11 min readSep 23, 2023

This project was carried out as part of the TechLabs “Digital Shaper Program” in Aachen (Winter Term 2022/23)

#Introduction

Driving while drowsy is a serious problem that affects millions of people worldwide. In a 24/7 society, which emphasises work, longer commute and exponential advances in technology, many people do not get the sleep they need.

In 2017, The National Highway Traffic Safety Administration (NHTSA) estimated that 91,000 police-reported crashes in US involved drowsy drivers. These crashes led to an estimated 50,000 people injured and nearly 800 deaths[1]. With the rise of autonomous vehicles, there has been an increased focus on driver monitoring systems that can detect drowsiness and other dangerous driving behaviors.

By alerting drivers when they are becoming drowsy, these systems can help prevent accidents and save lives. Moreover, monitoring of driver alertness is an implicit requirement in the forthcoming Society of Automotive Engineers (SAE) levels of conditional automated driving (level 3). This is because handing over vehicle control to drowsy drivers is unsafe[2].

The increasing significance of real-time driver drowsiness detection has led to extensive research and development studies which seek to find efficient and accurate methods and algorithms in this field.

One promising solution is the use of convolutional neural networks (CNNs). CNNs are a type of deep learning algorithm that can learn to identify patterns in images and other visual data. By training a CNN on a large dataset of images and videos of drowsy drivers, it is possible to create a system that can accurately detect when a driver is becoming drowsy.

Dataset Overview
Data preprocessing
CNN Approach
Results and Metrics
Landmark Detection Approach
Conclusion and further improvements

2) Dataset Overview

For our project, we used the Driver Drowsiness Dataset (DDD) from Kaggle (link at the end of the blogpost). It contains extracted and cropped faces of drivers from the videos of the Real-Life Drowsiness Dataset (RLDD). The frames were extracted from videos and stored as images from which regions of interest were further extracted.

The dataset has the following properties : — RGB images — 2 classes (Drowsy & Non Drowsy) — Size of image : 227 x 227–41793 images in total — 28 participants — every participant has an own label (for example: C — drowsy and c — non drowsy)

visualization of sample images in the dataset

3) Data preprocessing

Data preprocessing is done to clean and transform the data to the correct form as required by the model for better analysis and accuracy. Depending onn the given data, several methods, can be used e.g. data cleaning, feature extraction, normalisation etc.

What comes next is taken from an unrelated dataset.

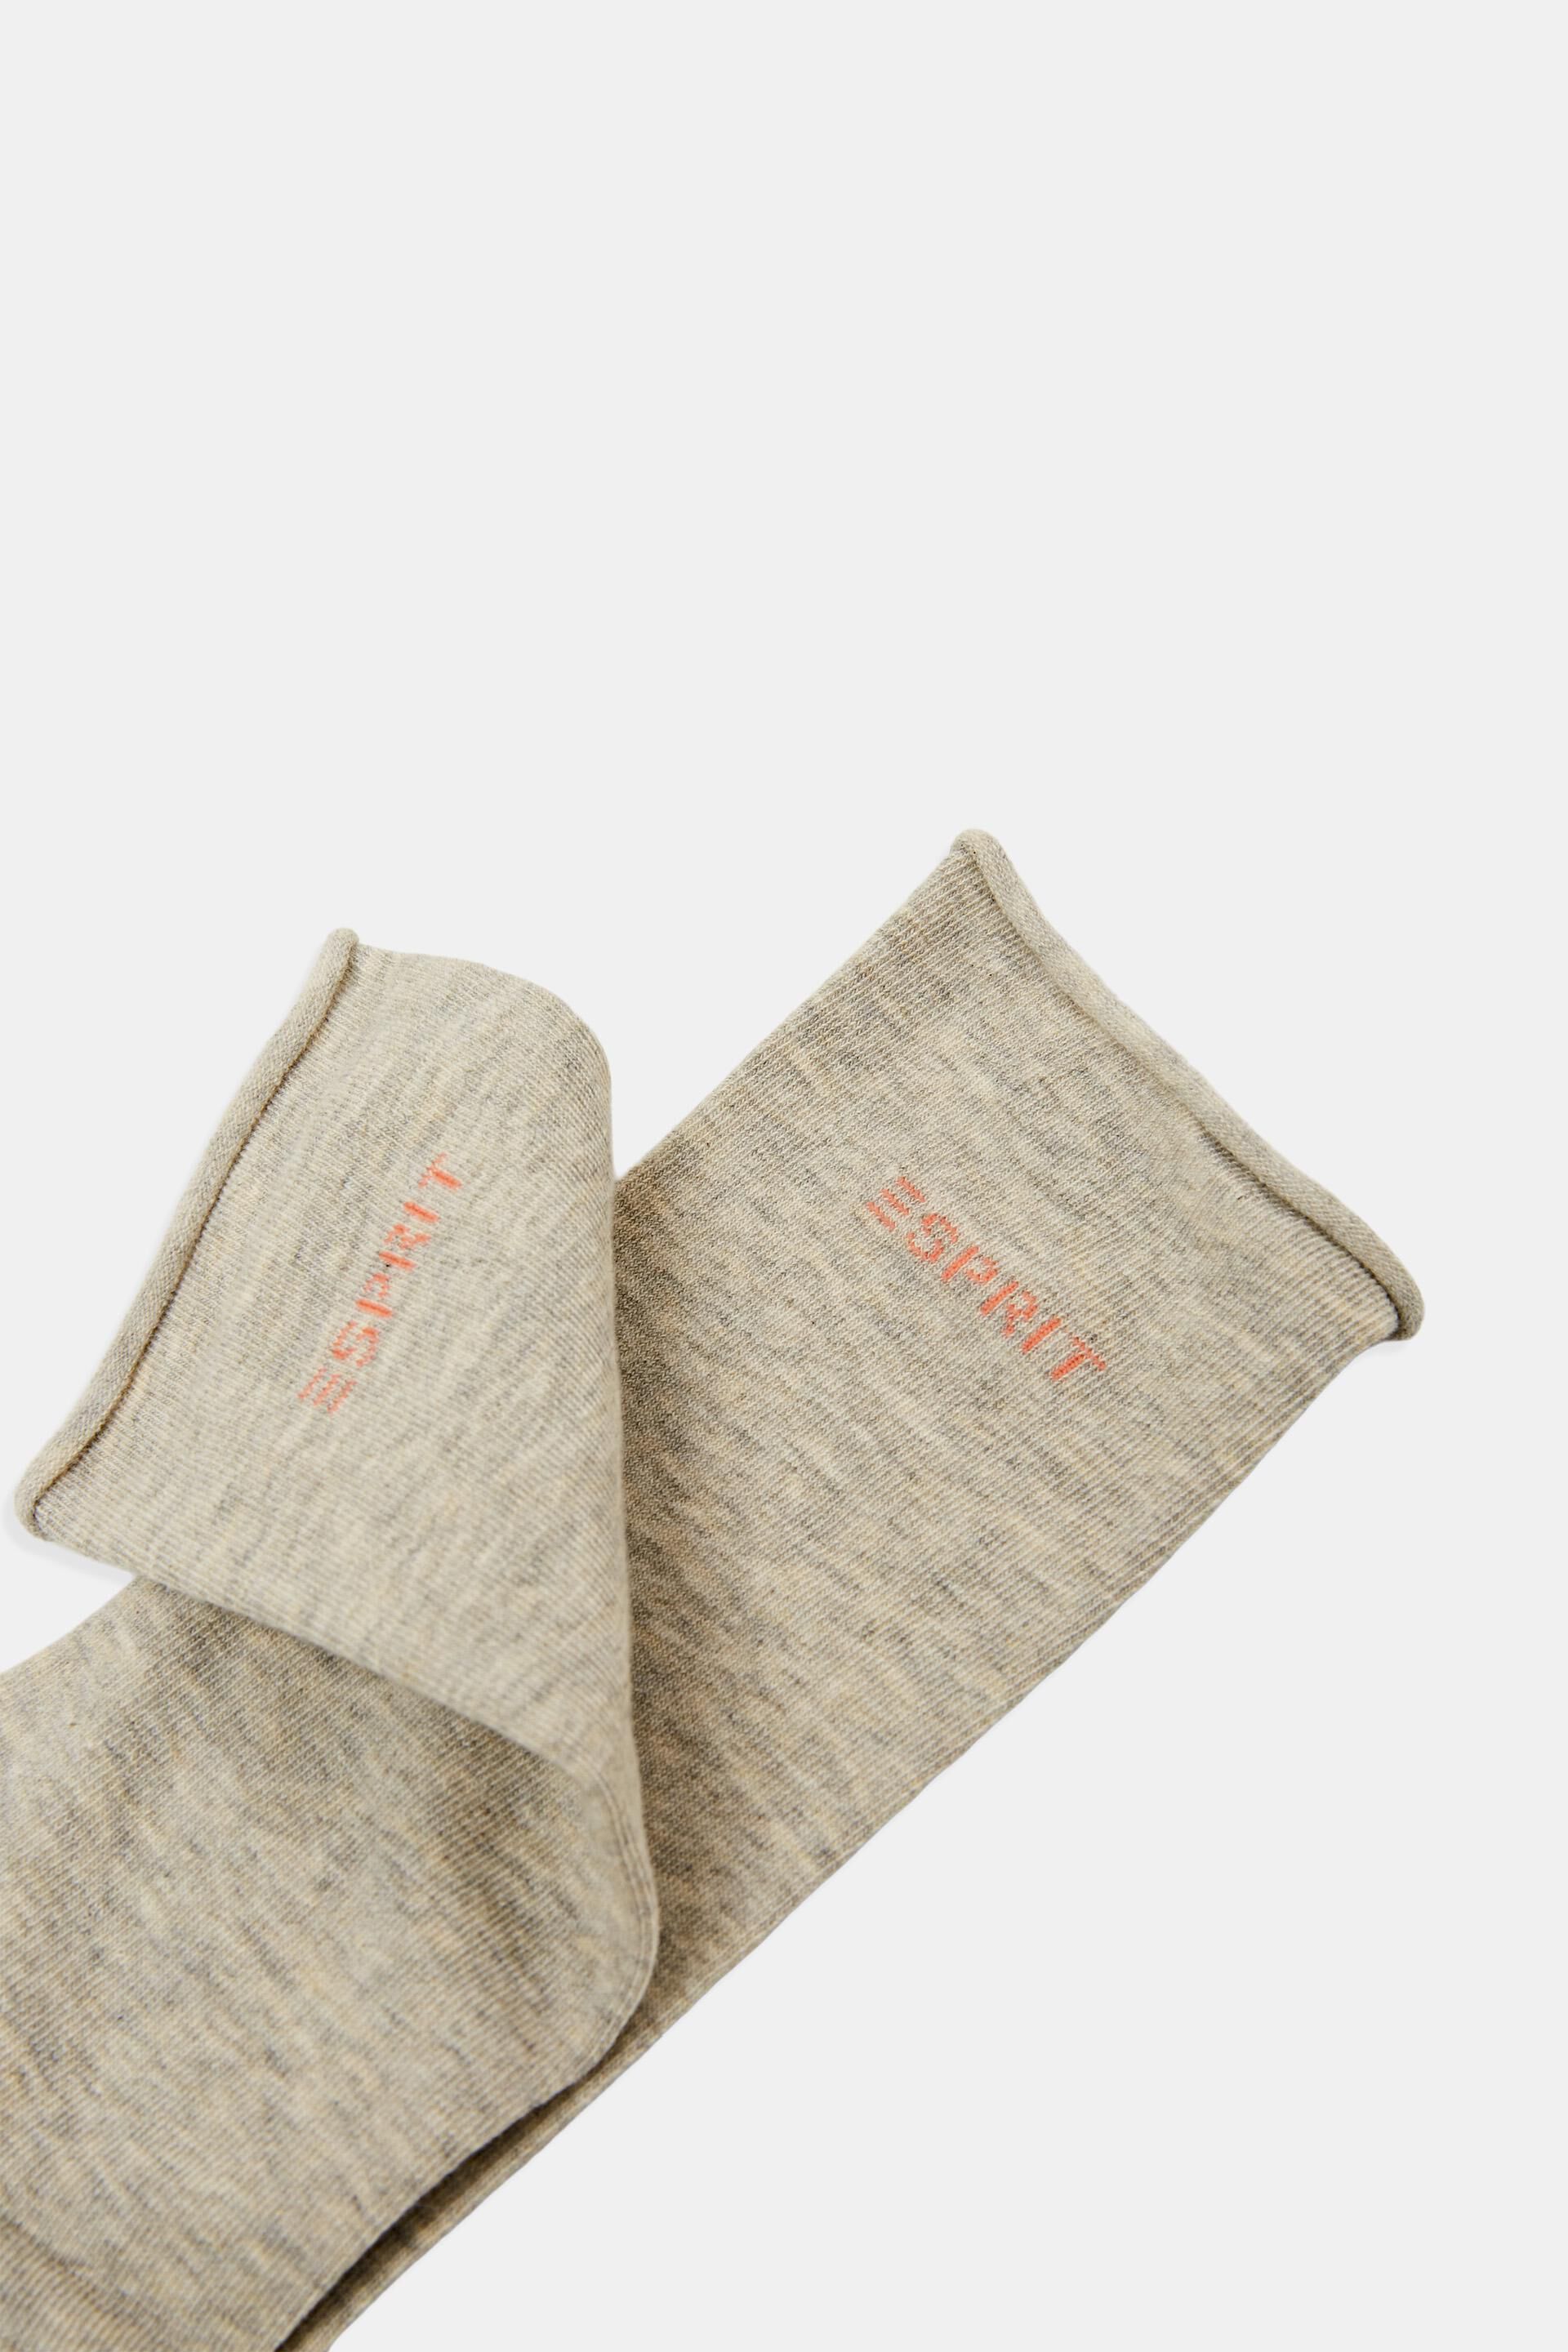 Esprit Bio-Baumwolle Socken 2er-Pack Rollkanten, mit
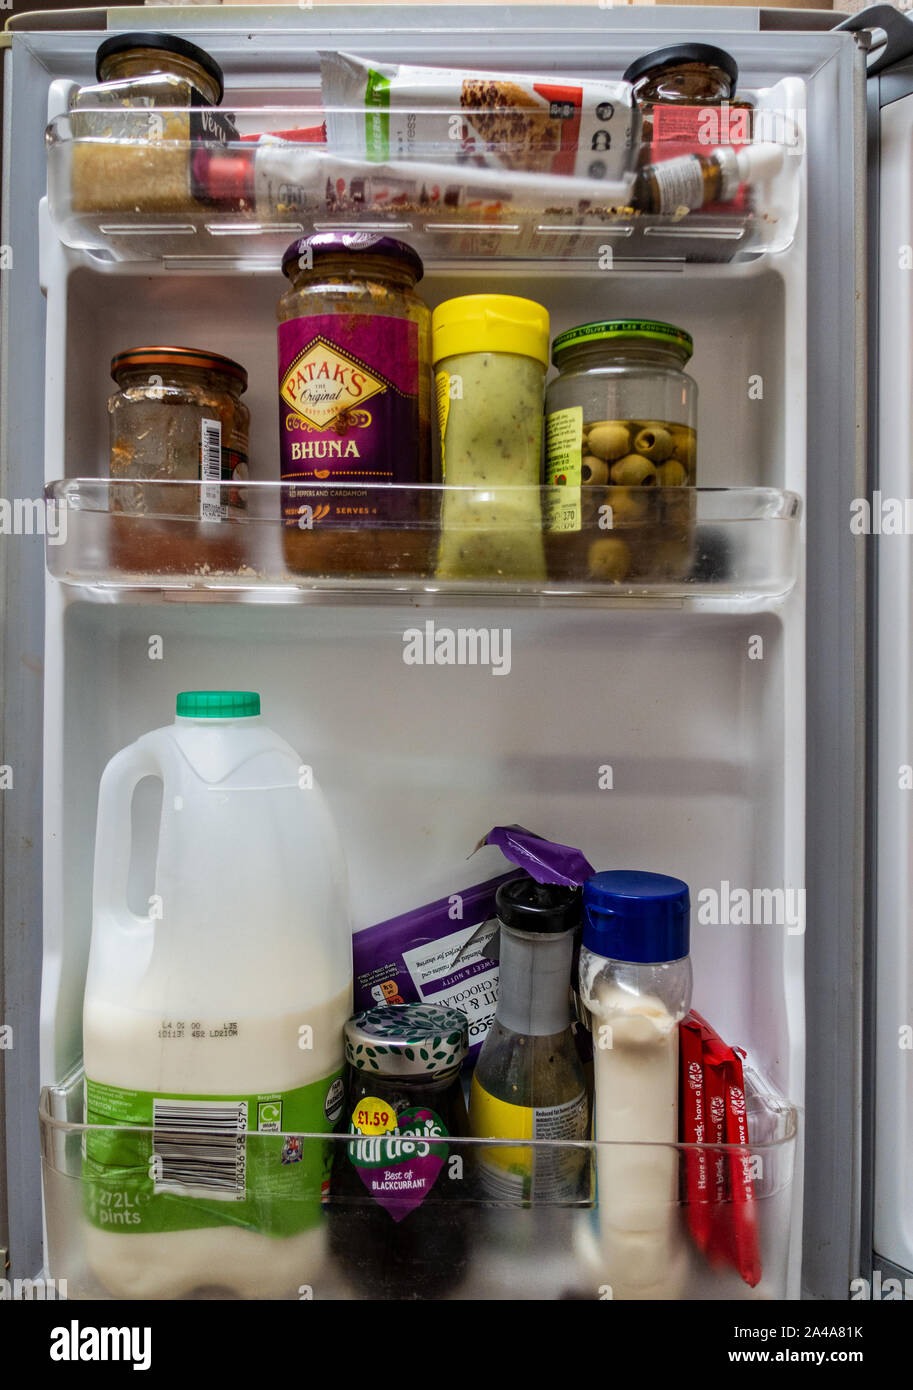 https://c8.alamy.com/comp/2A4A81K/close-up-of-refrigerator-door-contents-2A4A81K.jpg

It should be noticed that data preprocessing is a very important step because it affects the correctness of all the following results. Even in case of a solid neural network architecture , poor preprocessing will likely lead to poor/unusable outputs

Used tools and libraries

We mainly used Pytorch for preprocessing ata and creating and training the CNN model. Furthermore, we utilized Google Colab to run the model using GPUs which has the advantage of an easy set up of the environment.

Details about the data

Because of the large size of the DDD dataset and the expected difficulty in training the model for a long time, we considered converting images to grayscale or to scale the pictures down. However, as valuable information for training the model could be lost by performing these transformations, we opted to retain the RGB channels of the images.

The number of images that exist from each person (person ID on x axis) varies.

From the graph it is clear that there is an uneven distribution of images among the different people. For e.g.: person ‘A’ has 1411 images in Drowsy and 1252 in Non Drowsy. Person ‘ZA’ has 621 images in Drowsy and 1054 in Non Drowsy.

Separating the data

Next, the data needed to be split into train and test data. For effective testing, we took 3 sets of people out (for example person C, N, K) from both the drowsy and non drowsy folders. We did this as we wanted to analyze how the neural networks behaves when unseen images are used as input for testing. The remaining data (with all the images except of the three persons that have been shifted to the validation/test dataset) are split into 80% training data and 20% test data. For the creation of the final test dataset the 3 people that have been taken out previously were then combined with the 20% test data with people that appear in the train and the test dataset. It is done this way to get an effective comparison of how the model predicts people that it has already seen in contrast to totally new data.

Standardisation

After this, standardisation was done to remove any bias in the data. It is done by subtracting a pixel value by its mean and dividing by its standard deviation. For RGB datasets, the mean and standard deviation are calculated from each channel.

The mean and standard deviation calculation is done using train dataset, and the same values for mean and standard deviation are applied on the test data for its standardisation as well. Standardisation is not done on the whole dataset to avoid that any information from the test data influences the train dataset.

Loading of data

Pytorch provides Dataset and Dataloader classes that are used to easily load the data for training and testing. The modules also help in performing data transformations, shuffling, batching, etc. We have used a batch size (the number of data is processed at one time) of 64.

4) CNN Approach

To achieve our goal, we used a powerful type of neural network called a Convolutional Neural Network (CNN). A CNN is specifically designed to work with visual data, making it an excellent choice for image classification tasks. The CNN architecture we used consisted of several layers that are able to automatically extract relevant features from the input images.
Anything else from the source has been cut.